──────── Information supplied
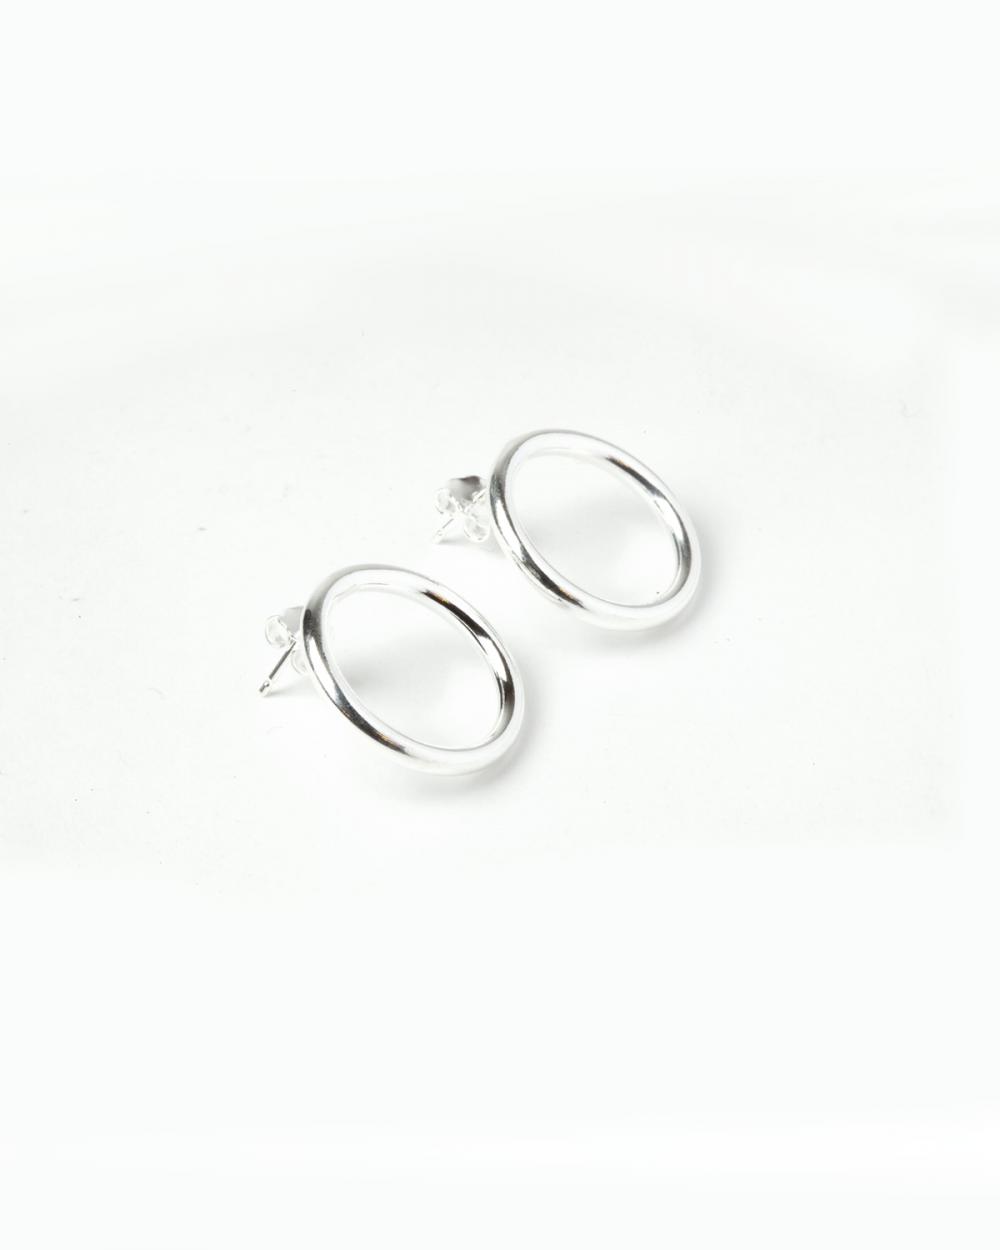 Earrings ORECCHINI COPPIA LOBO CERCHIO / ARGENTO LUCIDO NOVE25
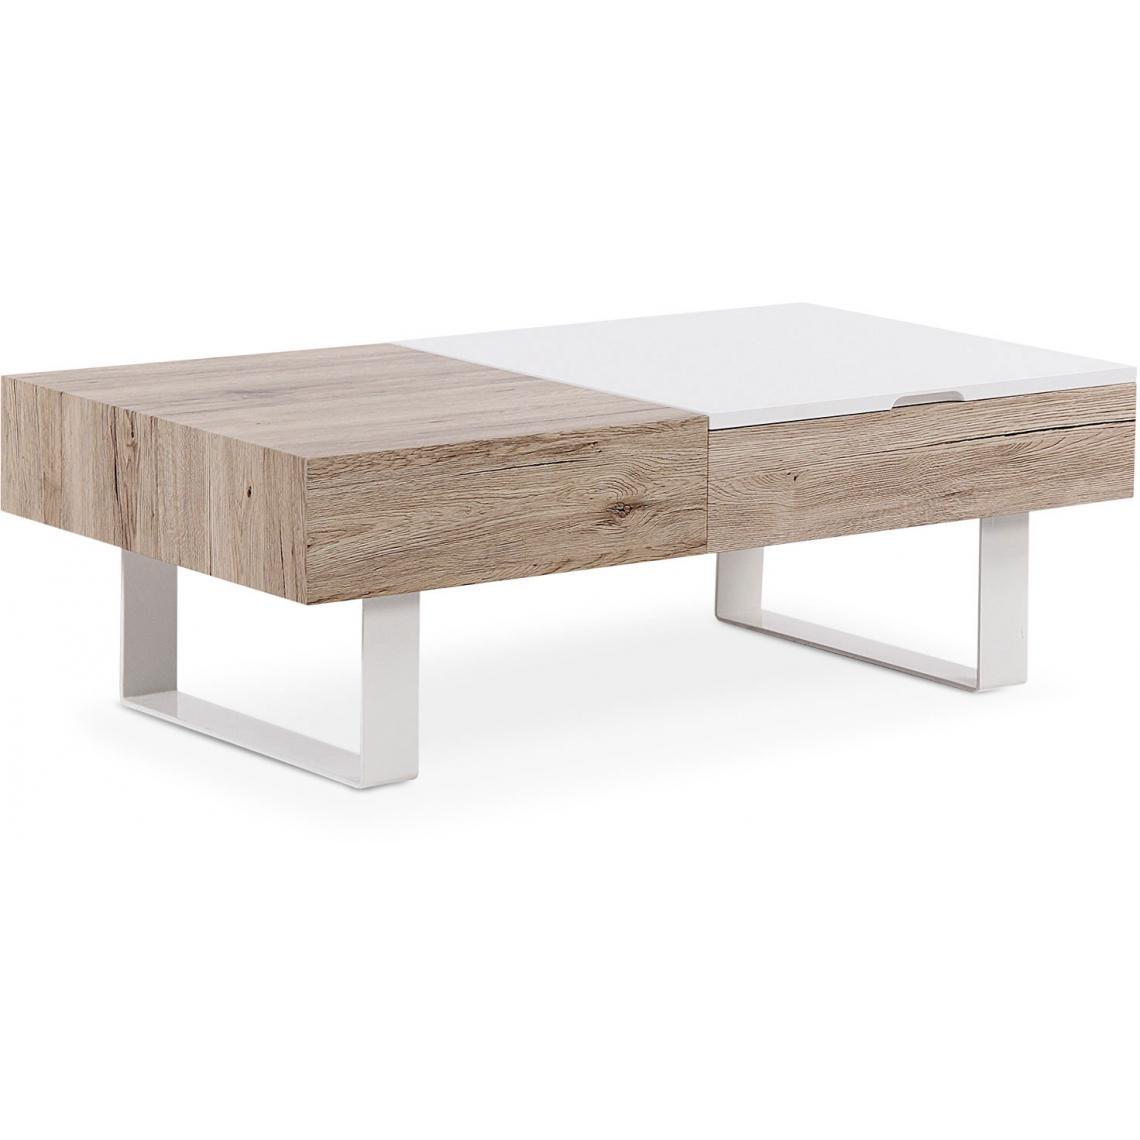 Table Basse Relevable En Chene Clair Jolly 3 Suisses
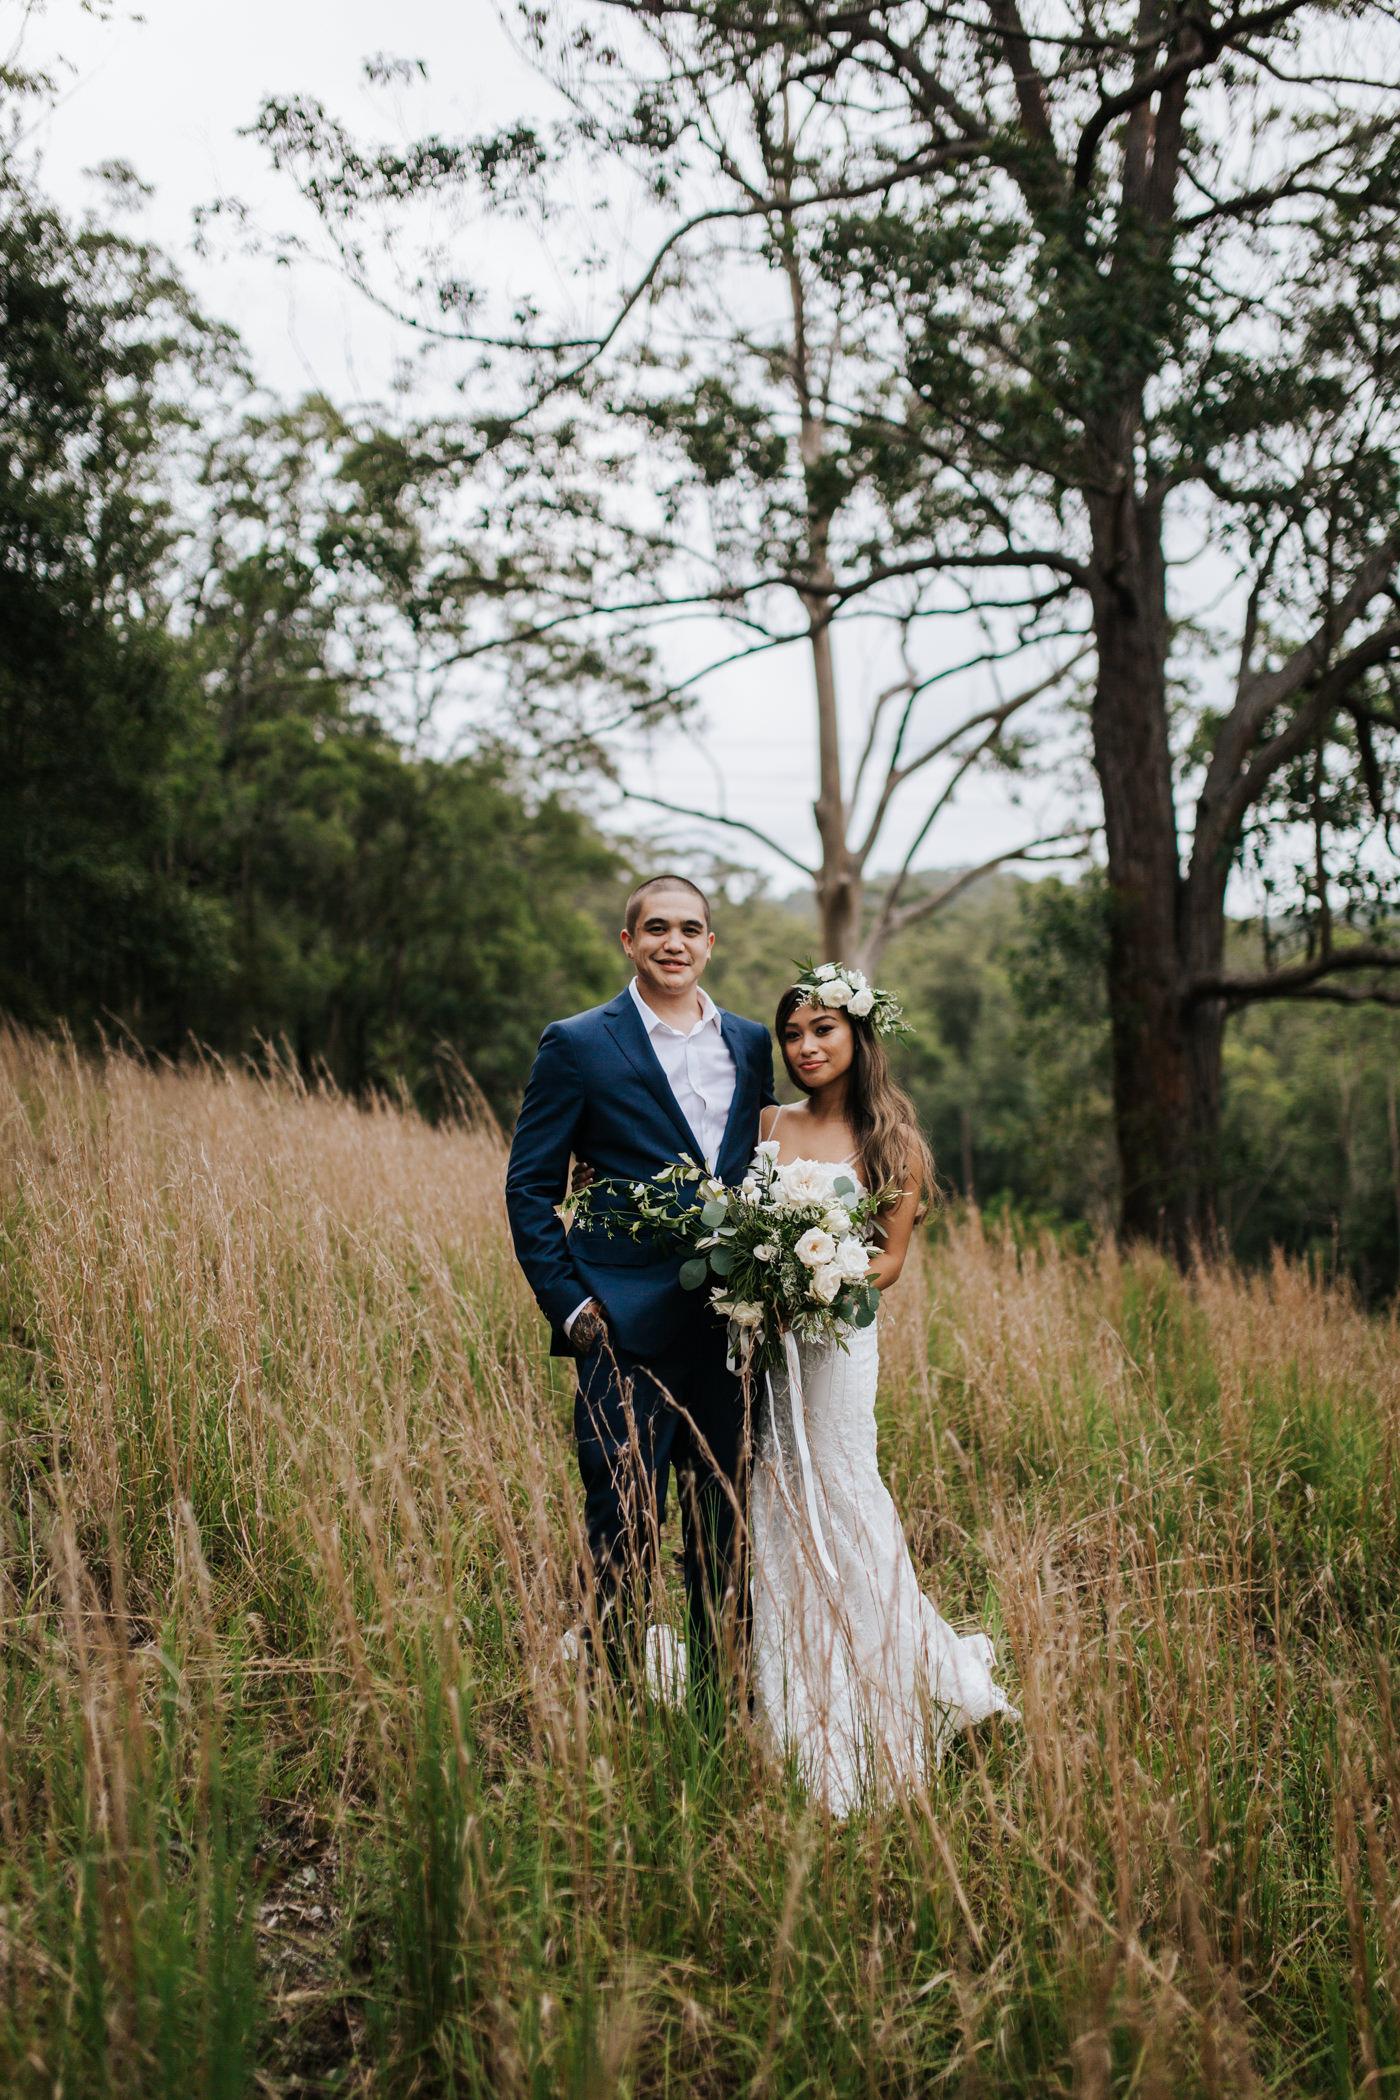 Nick & Vanezza - Fernbank Farm Wedding - Samantha Heather Photography-105.jpg
────────────────
## What to produce
Type out the data above once more, exactly, with no images included.

## Solved exercise
 Earrings ORECCHINI COPPIA LOBO CERCHIO / ARGENTO LUCIDO NOVE25
 Table Basse Relevable En Chene Clair Jolly 3 Suisses
 Nick & Vanezza - Fernbank Farm Wedding - Samantha Heather Photography-105.jpg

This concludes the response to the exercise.